RuntimeSessionController¶
The RuntimeSessionController manages the full session lifecycle. It holds references to the active session, its manifest, and backend-specific state.
Starting a Session¶
start_runtime_session() takes a LaunchPlan and:
- Resolves the backend implementation from
LaunchPlan.backend. - Creates the tmux session (for local backends) or connects to the remote endpoint (for REST backends).
- Injects the role via the backend-specific injection strategy.
- Persists the session manifest to disk.
- Returns the active
InteractiveSession.
Resuming a Session¶
resume_runtime_session() reattaches to an existing session from a persisted manifest. The resume mechanism is backend-specific:
local_interactive: Reattaches to the existing tmux session.codex_headless: Usesresume <thread_id>to continue the Codex thread.claude_headless: Uses--continueto resume the Claude session.gemini_headless: Uses--resume <persisted-session-id>to resume the Gemini session in the same recorded working directory/project context.
Sending Prompts¶
Once a session is running, send_prompt() delivers a user prompt to the agent and returns the response. For local_interactive sessions, this sends keystrokes to the tmux pane. For headless backends, this invokes the CLI tool with the prompt as an argument.
Stopping a Session¶
terminate() stops the agent process and close() cleans up session resources.
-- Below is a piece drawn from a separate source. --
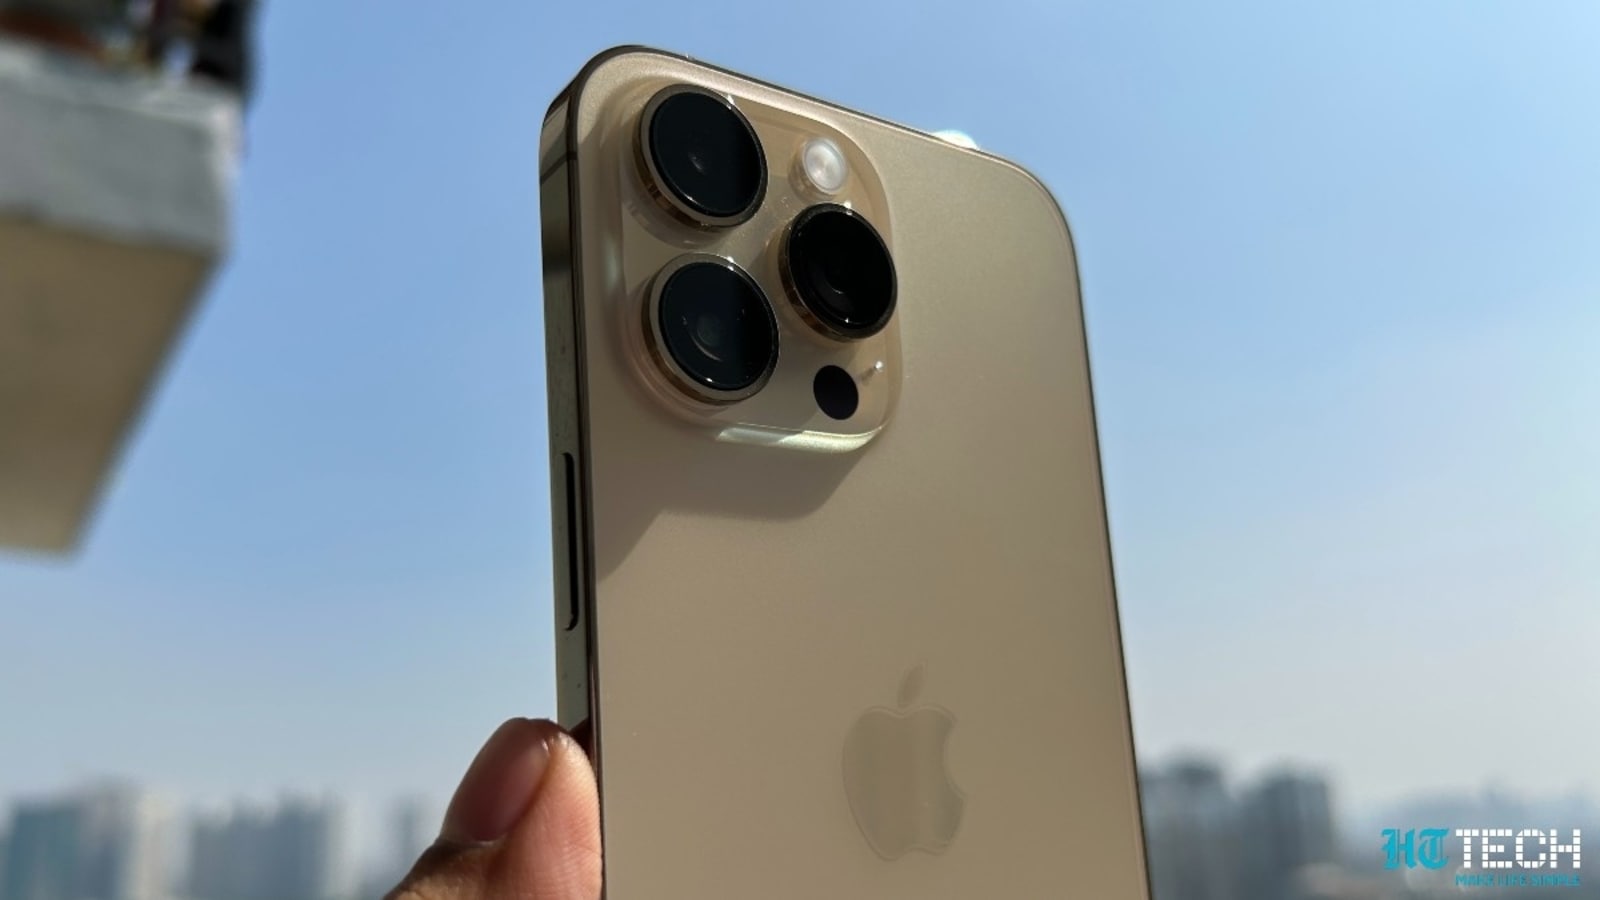 Where to buy the iPhone 11 and iPhone 11 Pro

For tmux-backed sessions, this kills the tmux session.
Role Injection¶
Role injection is backend-specific and handled during launch plan construction in launch_plan.py:
| Backend | Injection Strategy |
|---|---|
codex_headless / codex_app_server |
Native developer instructions when the role prompt is non-empty |
claude_headless |
Native appended system prompt plus a bootstrap message when the role prompt is non-empty |
gemini_headless |
Bootstrap message when the role prompt is non-empty |
local_interactive |
Tool-dependent native injection or bootstrap, skipped when the role prompt is empty |
The role content comes from the role package (roles/<role>/system-prompt.md) in the agent definition directory.
Versioned Unattended Launch Policy¶
Unattended startup is a versioned launch policy resolved at launch time against the installed CLI version of the target tool. If the installed version does not match a known launch policy, the session fails closed rather than guessing a bootstrap strategy. This prevents silent behavioral drift when CLI tools update their interfaces.
CLI Surface¶
The realm controller exposes a CLI via houmao-cli (the cli.py module) with the following commands:
build-brain— Run the build phase and emit a brain manifest.start-session— Build a launch plan and start a new session.send-prompt— Send a prompt to a running session.gateway-send-prompt— Send a prompt through a gateway-attached session.send-keys— Send raw control input to a resumed session.gateway-interrupt— Submit an interrupt through an attached live gateway.stop-session— Stop a session.attach-gateway— Attach a live gateway to a running session.detach-gateway— Detach a live gateway without stopping the session.gateway-status— Read gateway status from the live gateway or stable state artifact.cleanup-registry— Remove stale shared-registry live-agent directories.mail— Run mailbox operations against a resumed session.
Note:
houmao-cliis a deprecated compatibility entrypoint. The preferred CLI surface ishoumao-mgr(src/houmao/srv_ctrl/cli.py), which provides the same lifecycle operations along with managed agent, gateway, mailbox, and server control. See houmao-mgr CLI reference.